16.             Los expedientes acumulados fueron remitidos por parte de la Secretaría General de esta Corporación al despacho de la suscrita magistrada sustanciadora el 22 de noviembre de 2024.

 

 

II. CONSIDERACIONES DE LA CORTE CONSTITUCIONAL

 

17.             La Corte Constitucional ha sostenido que, por regla general, la solución de los conflictos de competencia en materia de tutela corresponde a las autoridades judiciales establecidas en la Ley 270 de 1996[23] .Asimismo, ha determinado que la competencia de esta Corporación para conocer y dirimir esta clase de conflictos debe ser interpretada de manera residual[24]. En consecuencia, esta Corporación ha establecido, según las reglas compiladas en el Auto 550 de 2018[25], que su competencia solo se activa en aquellos casos en que la Ley Estatutaria de Administración de Justicia no prevea cuál es la autoridad encargada de asumir el trámite; o cuando, a pesar de encontrarse prevista, deben aplicarse los principios de celeridad y sumariedad que rigen la acción de tutela, con el fin de brindar a los ciudadanos un acceso oportuno a la administración de justicia y, de esta forma, evitar la dilación en la adopción de una decisión de fondo que garantice la protección efectiva de sus derechos fundamentales[26].

 

18.             En esta ocasión, la Corte está facultada para resolver el conflicto de la referencia porque las autoridades judiciales involucradas en esta controversia, los Juzgados 053 y 062 Penal con Funciones de Conocimiento del Circuito de Bogotá, D.C.,  y el Juzgado 12 Administrativo -Sección Segunda- de la misma ciudad, a pesar de integrar funcionalmente la jurisdicción constitucional, carecen –desde una perspectiva orgánica– de una autoridad designada por la Ley 270 de 1996, que esté facultada para solucionar la colisión suscitada.

 

 

Configuración de un conflicto aparente de competencias cuando la decisión de escisión de una demanda de tutela se fundamenta en una indebida acumulación de pretensiones.

 

19.             De conformidad con los artículos 86 de la Constitución y 8° transitorio de su título transitorio adicionado por el Acto Legislativo 01 de 2017, y los artículos 32 y 37 del Decreto 2591 de 1991, existen tres factores de asignación de competencia en materia de tutela, a saber: (i) el factor territorial[27], (ii) el factor subjetivo[28] y (iii) el factor funcional[29]. De esta manera, cuando dos o más jueces manifiestan ser competentes o no para conocer de una misma acción de tutela conforme a los anteriores factores, se configura un conflicto de competencias[30].

 

20.             En cambio, esta Corporación ha explicado que cuando las autoridades judiciales rechazan o se abrogan competencia para conocer de una misma acción de tutela pero sus argumentos no se fundamentan en los 3 factores de competencia mencionados, sino en “cualquier otra razón distinta de los factores de competencia”[31], esta situación se denomina conflicto aparente de competencias.

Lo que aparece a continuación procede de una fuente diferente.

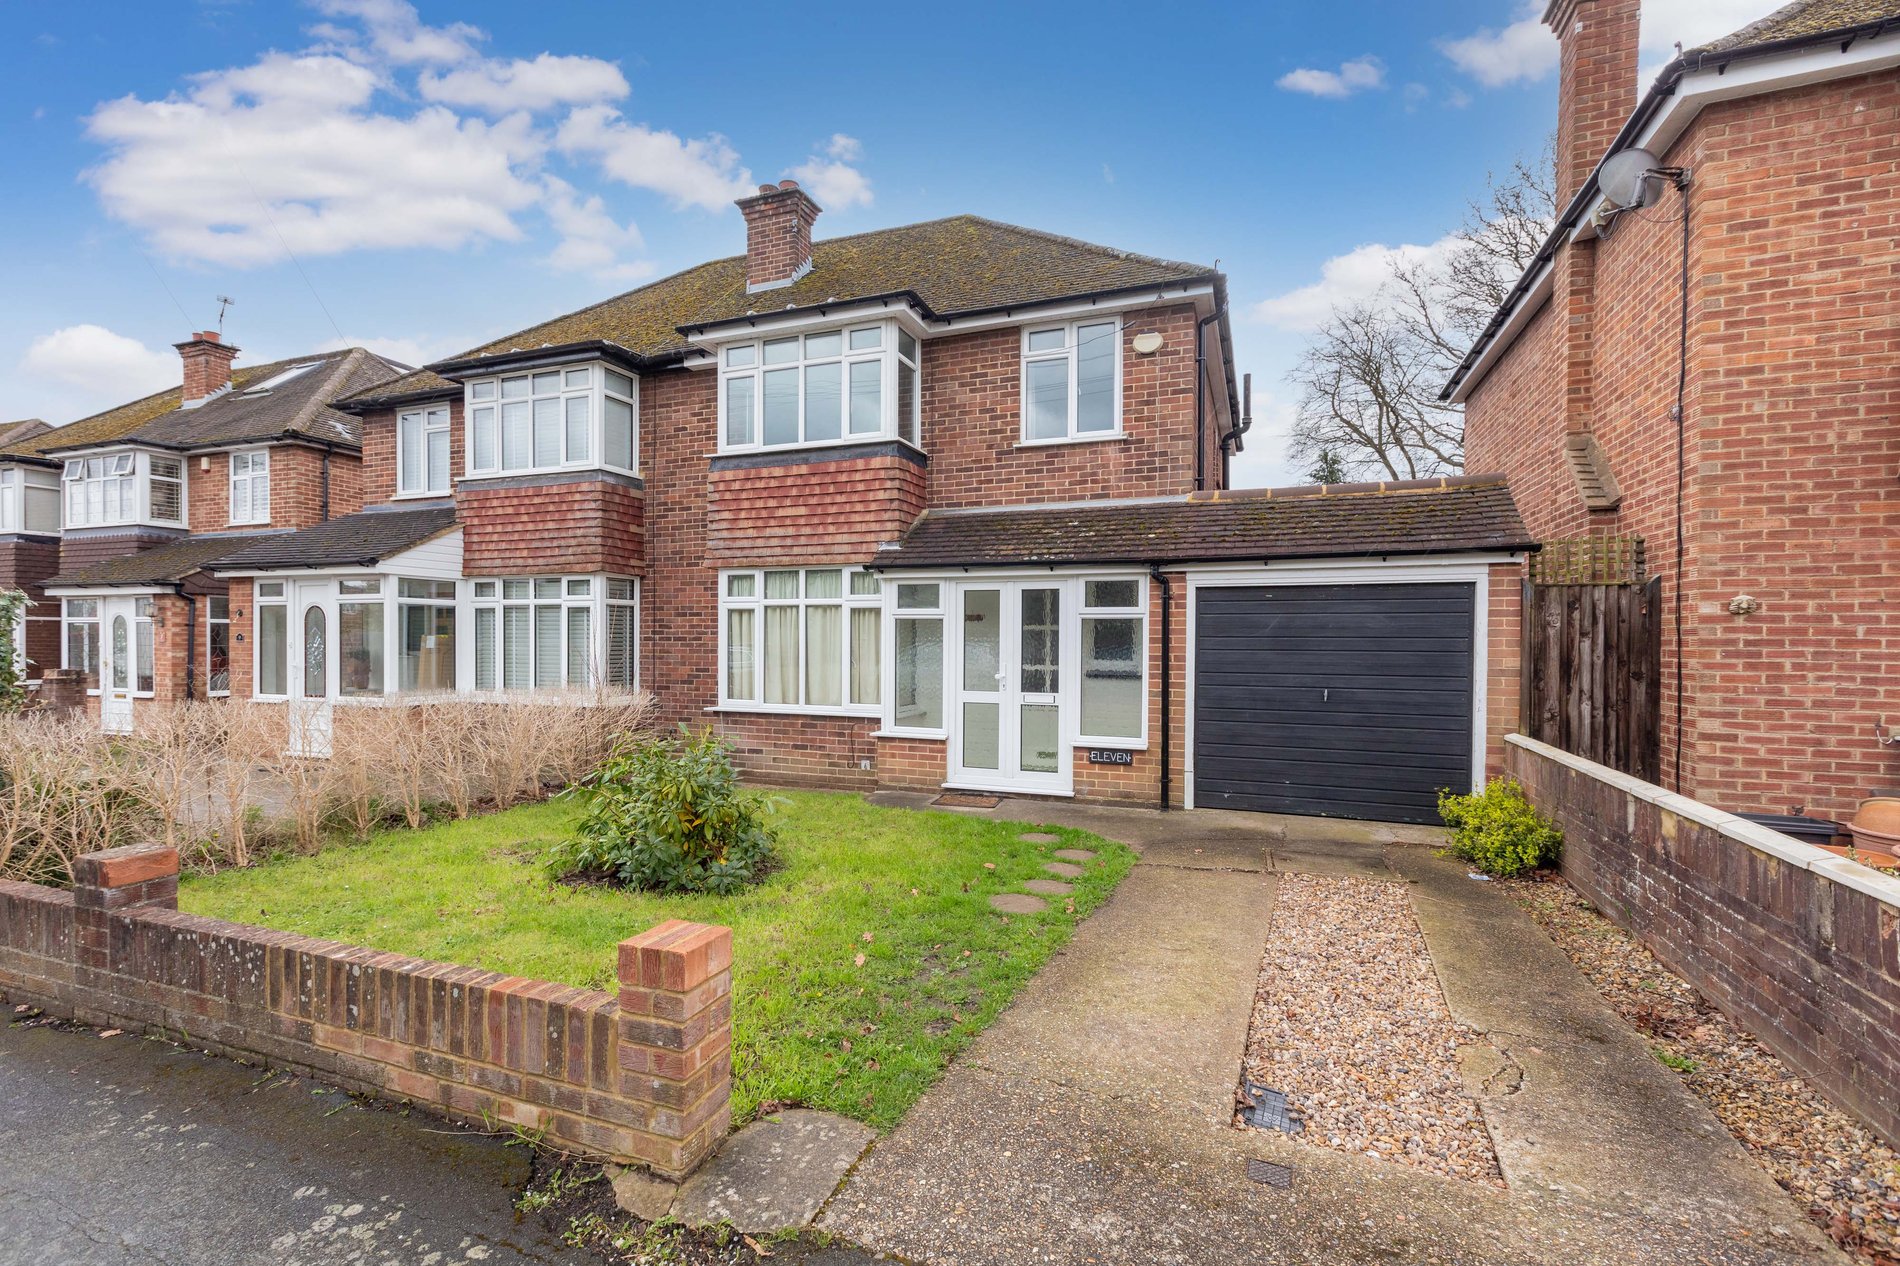 3 bed semi-detached house for sale in Coopers Row, Iver Heath - Property Image 1

Es así como, a modo de ejemplo, la jurisprudencia constitucional ha denominado como conflicto aparente de competencias a aquellos que las autoridades judiciales fundamentan en reglas de reparto contenidas en los Decretos 1382 de 2000, 1069 de 2015 y 1983 de 2017[32], o en los que se fundamenta en la indebida conformación del contradictorio[33].

 

21.             Asimismo, cuando dos autoridades judiciales deciden su negativa para conocer de una acción de tutela conforme a argumentos que no se relacionan con ninguno de los factores de asignación de competencia, como es el caso de escisión de las demandas de tutela por la presunta e indebida acumulación de pretensiones, esta Corporación ha sostenido que no media un conflicto real de competencias, por lo que la decisión de escisión contraría a los principios de economía, celeridad y eficacia[34].

 

 

Acerca de la inescindibilidad de la acción de tutela

 

22.             La jurisprudencia de la Corte Constitucional ha mencionado que, en virtud del principio de oficiosidad de las acciones de tutela, los jueces de tutela deben “orientar el procedimiento para dar una solución a la totalidad de las pretensiones de la solicitud de tutela, como un todo inescindible, para tomar una decisión de fondo sobre los hechos puestos en su conocimiento”[35], comoquiera que ello atenta contra los principios de economía, celeridad y eficacia que orientan los asuntos constitucionales.

 

23.             En el Auto 361 de 2019 la Corte Constitucional reiteró la jurisprudencia por medio de la cual se han censurado las decisiones de los jueces que se han dirigido a fraccionar las demandas de tutela[36]. En esa misma oportunidad, la Corte expuso que, en algunos casos, “ las autoridades judiciales escinden acciones de amparo sin importar la etapa procesal en la que se encuentre el trámite y que estas actuaciones desconocen los principios de oficiosidad, economía, prevalencia del derecho sustancial, celeridad y eficacia que rigen la acción constitucional”[37].

 

24.             Es importante mencionar que, ante la escisión de la acción de tutela, la jurisprudencia constitucional ha seguido los siguientes parámetros de solución:[38]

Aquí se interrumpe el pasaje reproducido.